I came across a weird Issues. I have the Kubectl cluster running on Remote RHEL server. When I try to run the scripts locally using NRPE it works. From Remote server locally. /usr/local/nagios/libexec/check_pods.sh -k -n -w 500 -C 800 OK - pods are all OK, found 2 in state.

Same command using nrpe plugin on remote server too /usr/local/nagios/libexec/check_nrpe -H localhost -c check_pod_cjoc NRPE: Unable to read output

So I have defined a command definition in nrpe.cfg & restarted NRPE agent on the Remote server.

When I try to invoke this script from Nagios server. I'm getting "NRPE: Unable to read output" error.

From Nagios Server /usr/local/nagios/libexec/check_nrpe -H -c check_pod_cjoc NRPE: Unable to read output

I have tested with two versions of NRPE agent i.e 3.2.1 & 4.0.3, I didn't try with other versions, but getting same error message

Note: Nagios user has admin(sudo) rights to run these scripts on Remote server.

Nagios running is running on v4.4.5 on RHEL server.

Let me know if you need more information. Can you guys please look at it. @ericloyd @sawolf

Stay Home#######Stay Safe

Thanks, Srikanth # #

rosri1992 commented 4 years ago

I found this in NRPE log file

[1589291681] Host X.X.X.X is asking for command 'check_pod_cjoc' to be run... [1589291681] Running command: /usr/local/nagios/libexec/check_pods.sh -k config -n cloudbees-core -w 500 -C 800 [1589291681] WARNING: my_system() seteuid(0): Operation not permitted [1589291681] Command completed with return code 3 and output: [1589291681] Return Code: 3, Output: NRPE: Unable to read output [1589291681] Connection from X.X.X.X closed.

Let me know if you need more information

rosri1992 commented 4 years ago

The Issue which I have mentioned above is seen only from Nagios server.

The Command works fine on Remote server and gives expected output from Kubectl cluser.

When Nagios server tries to run this script on Remote server using check_nrpe plugin, it fails and give me NRPE Unable to read output error''

Note : NAgios user on Remote server has sudo permissions.

@ericloyd @sawolf Can you guys please help me here

sawolf commented 4 years ago

The "Unable to read output" message usually occurs because the plugin didn't return any output after running.
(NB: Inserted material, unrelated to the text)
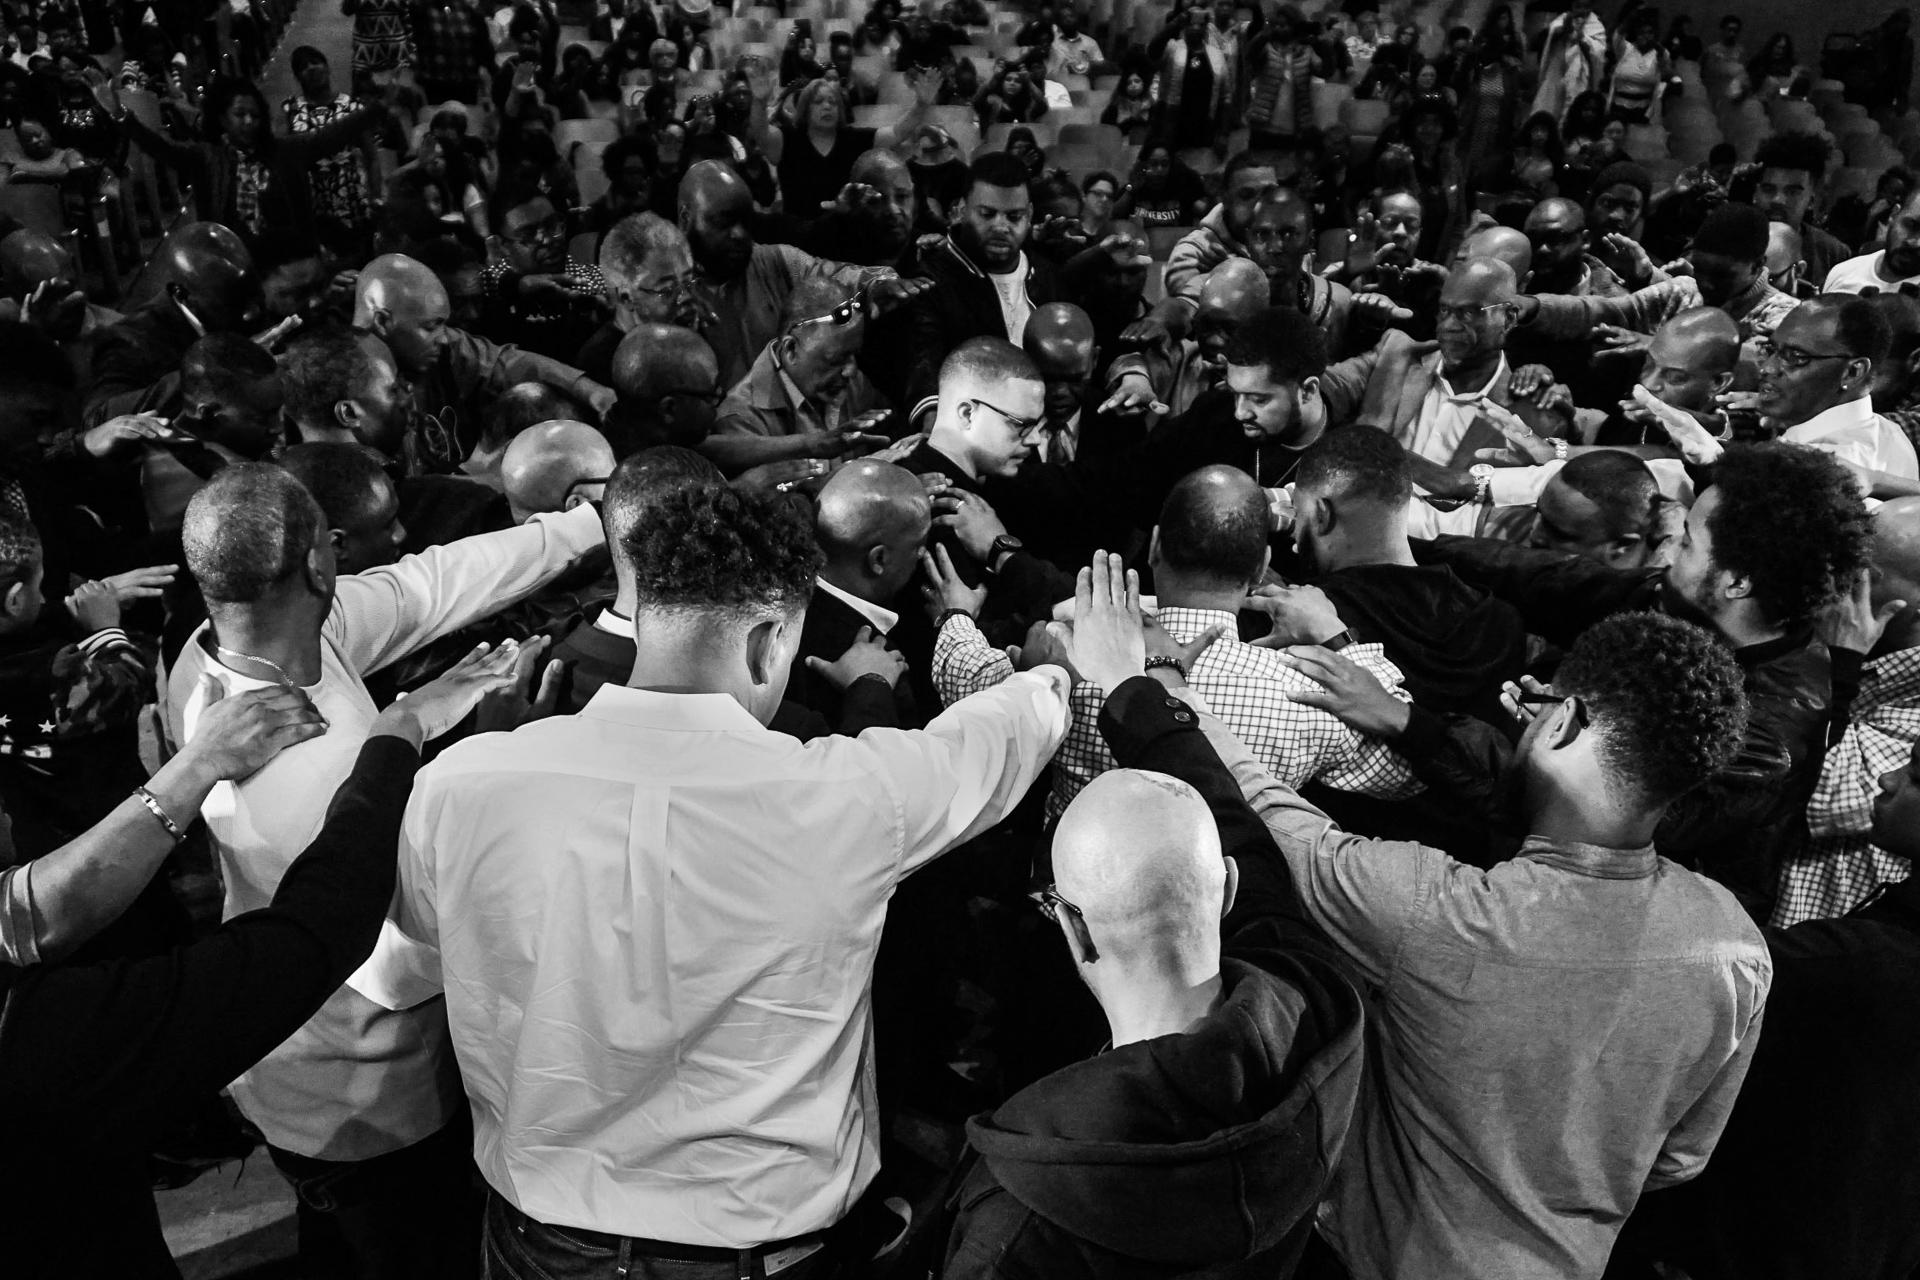 Shaun King receives prayer at church service.

I would recommend spending some time debugging the plugin that you're using to figure out when/why it's not returning anything. I don't suspect an issue with the NRPE code at this point.
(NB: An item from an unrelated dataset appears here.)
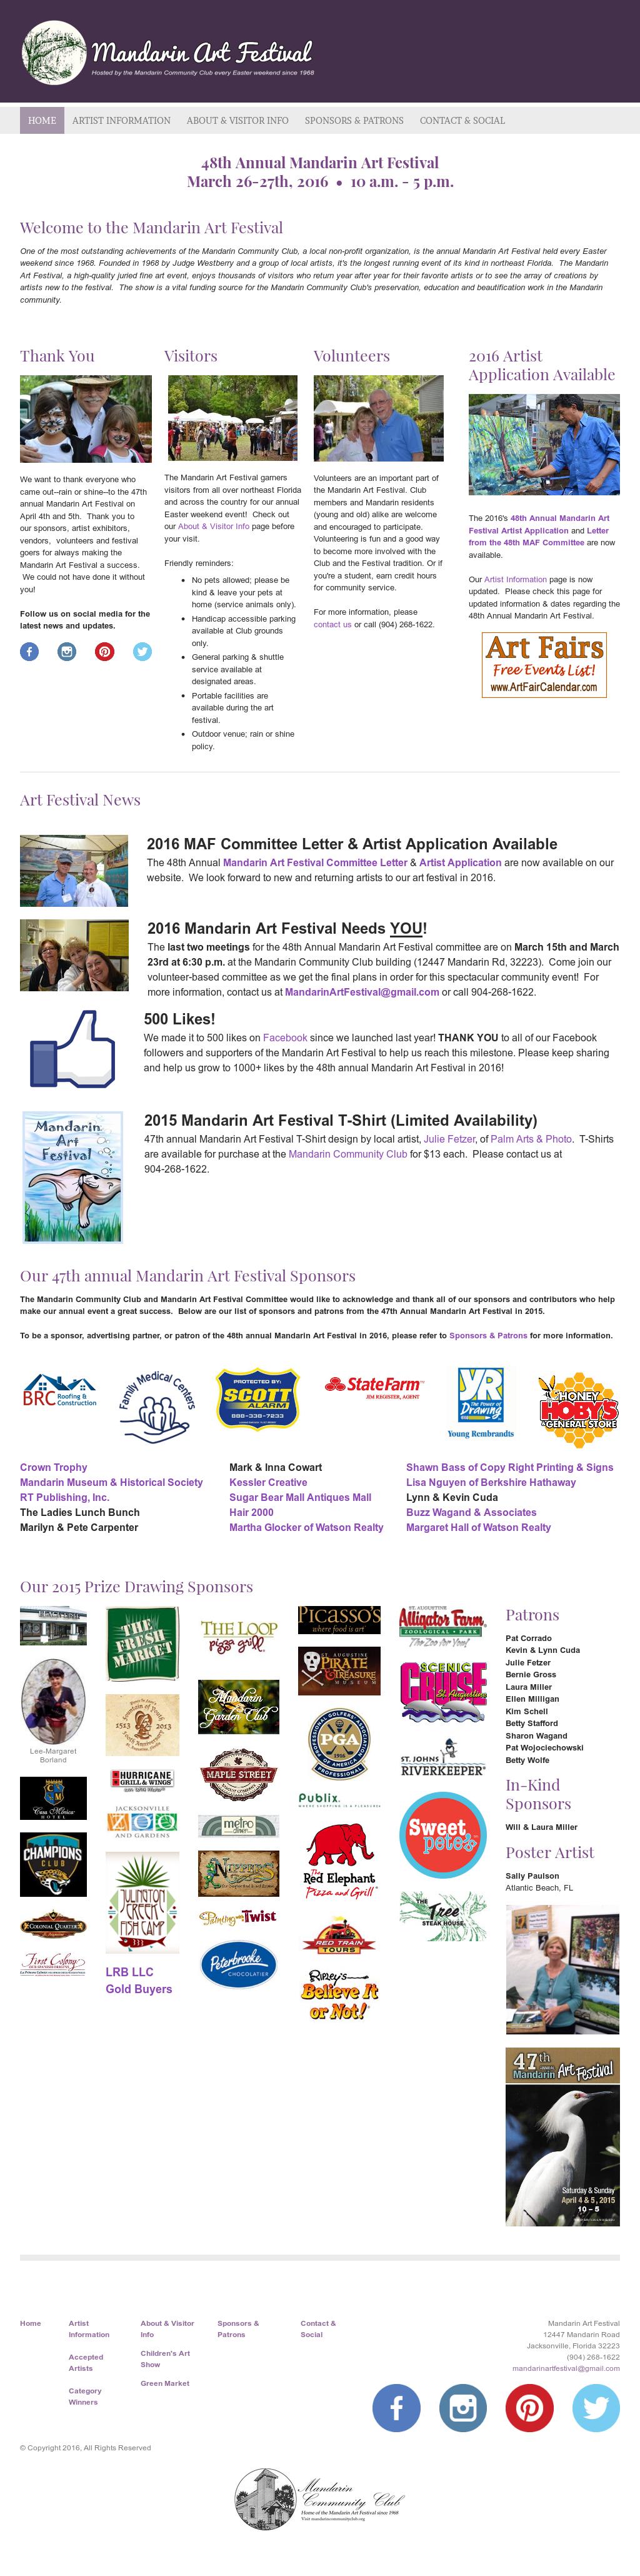 Mandarin Art Festival Competitors, Revenue and Employees

If you need further assistance, I would recommend using the Community Support Forums, or one of the customer forums if you're paying for support.

rosri1992 commented 4 years ago

Hi,

@sawolf Please can you check the finding which I mentioned below.

Till yesterday, I was passing parameters to the command definition in nrpe.cfg in Remote server which is below:

"command[check_pod_cjoc]=/usr/local/nagios/libexec/check_pods.sh -k /.kube/config -n cloudbees-core "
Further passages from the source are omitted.